Table 5: Crawler activity at the test
Notice the low crawl volume reflected for the OBR site. This is due in part to site web logs being unavailable for a 2-week period in July when the hosting service made some changes to its logging methods. Summary data for the site, available in a special report from the web hosting service, showed over 500 page requests occured during that period. This would bring the OBR site closer to the volume seen by the other sites. Still, lacking the details of those crawls makes it impractical to include the OBR site when analyzing crawler characteristics.
Search engines employ a large number of systems to make their crawls through a site. As observers of the crawls, we have a very limited insight into those systems. Some search engines, such as Google, associate a unique remote host name with each IP address. Others, such as MSN, may have numerous IPs but still resolve to only one remote host name. What happens at the remote host site is unknown, of course; search engines could be sharing each IP address among a large number of servers. Counting the number of distinct IP addresses is just a "fun fact" that says nothing about the computing power of the search engine nor about its in-house distribution of IP addresses. Sometimes we found that the log-resolve and whois databases did not match precisely. For example, the IP 220.127.116.11 is attributed to Verizon in log-resolve but the whois database says that Microsoft owns the IP. This is not unusual, since resale of IPs to other business units is well documented. We therefore used the DNS entries as the final arbiter in cases where there was conflict.
Table 6 provides links to a series of graphs of the activities of the search engines on our subsites. The "Static Graphs" are bar charts, similar to those in Figure 6. The Animated Graphs are similar to Figure 5. The animated versions show the total activity (HTML, index files, and PDFs) for the subsite on a given day. The HTML requests plotted on the static bar graphs include both requests for index files as well as for non-index, HTML files.

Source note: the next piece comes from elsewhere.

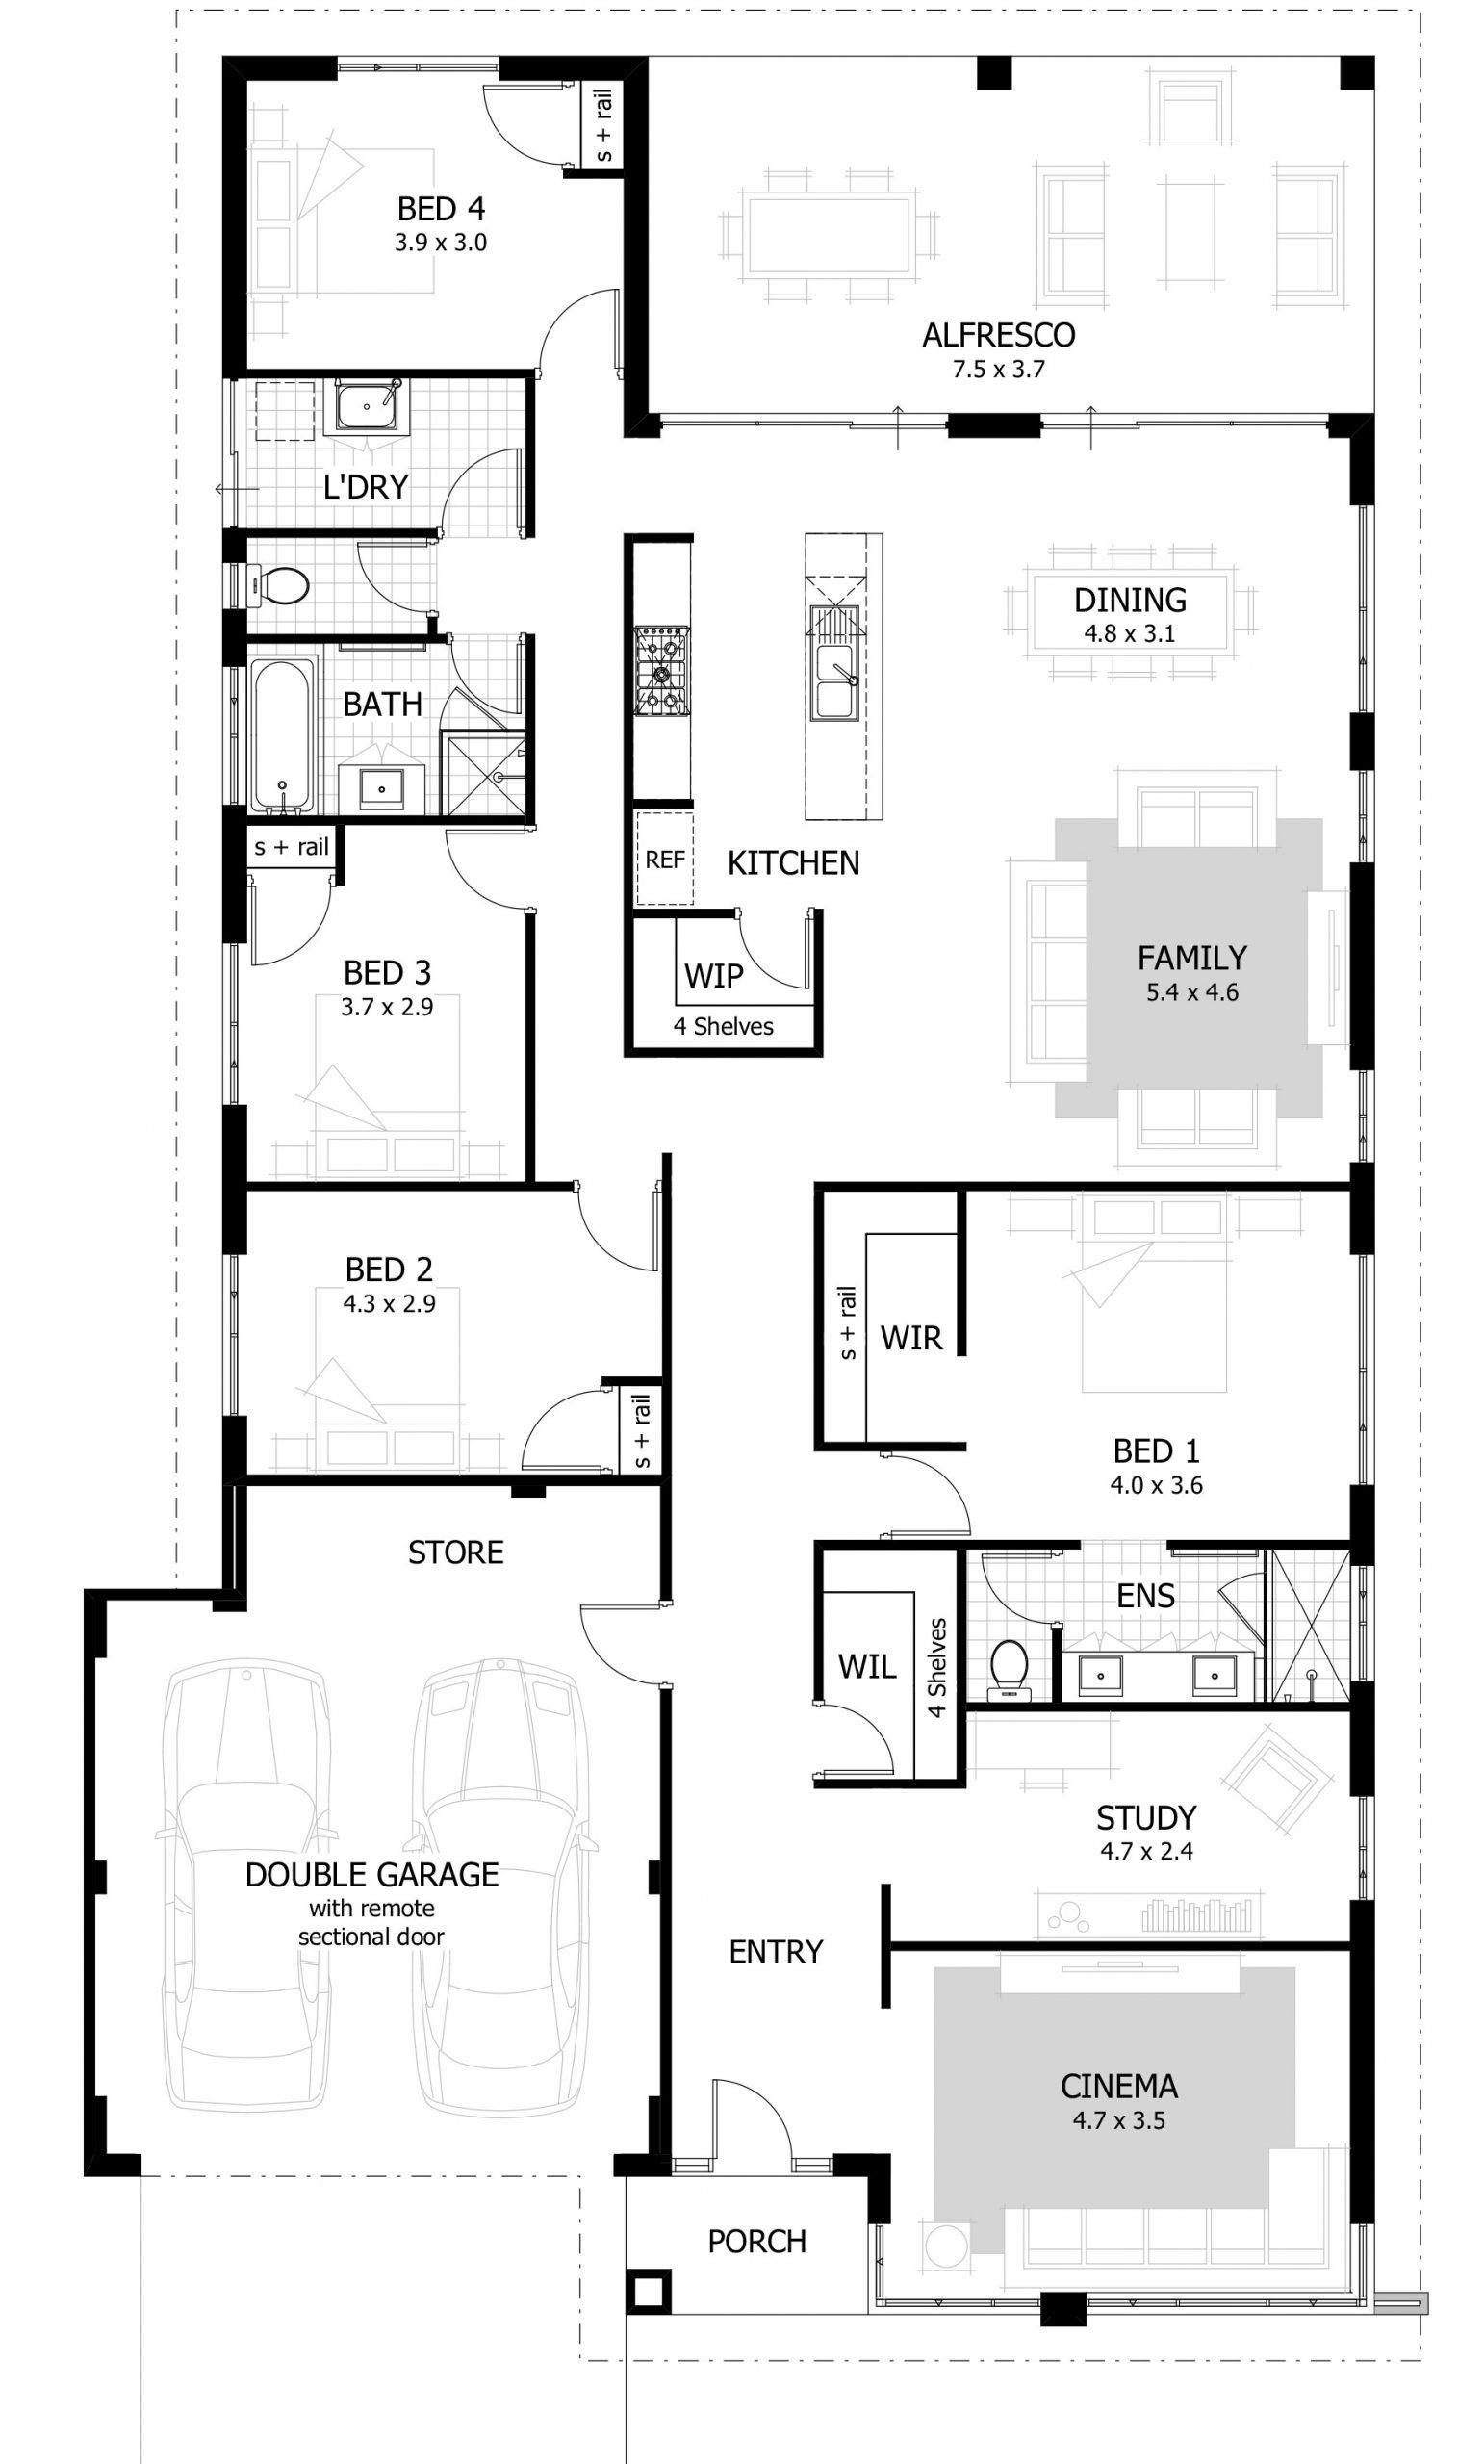 Modern House Plans Australia Bedroom Townhouse Designs House Plans Shoise Rent Master In 2020 House Plans Australia 4 Bedroom House Plans Bedroom House Plans

Table 6: Cross Reference of Links to Data Graphs
The patterns for all three of the primary crawlers were similar for each of the test subsites: Request one or two index pages on the first day, then traverse the bulk of the site on subsequent day(s). Figure 5 shows the MLN subsite decay over time, and robot crawls of the resources. The X axis represents one of the subdirectories (0 is the subsite root directory). The Y axis represents pages in the subdirectories (0 is an index page). The green portion represents resources in each directory that have not yet been deleted. The red portion (deleted resources) grows as time progresses and the test subsite decays. The blue stars appear when a resource in the collection is requested. Looking at the animation of Google's crawls of the MLN site in Figure 5, the toe-dip, deep-plunge activity is obvious.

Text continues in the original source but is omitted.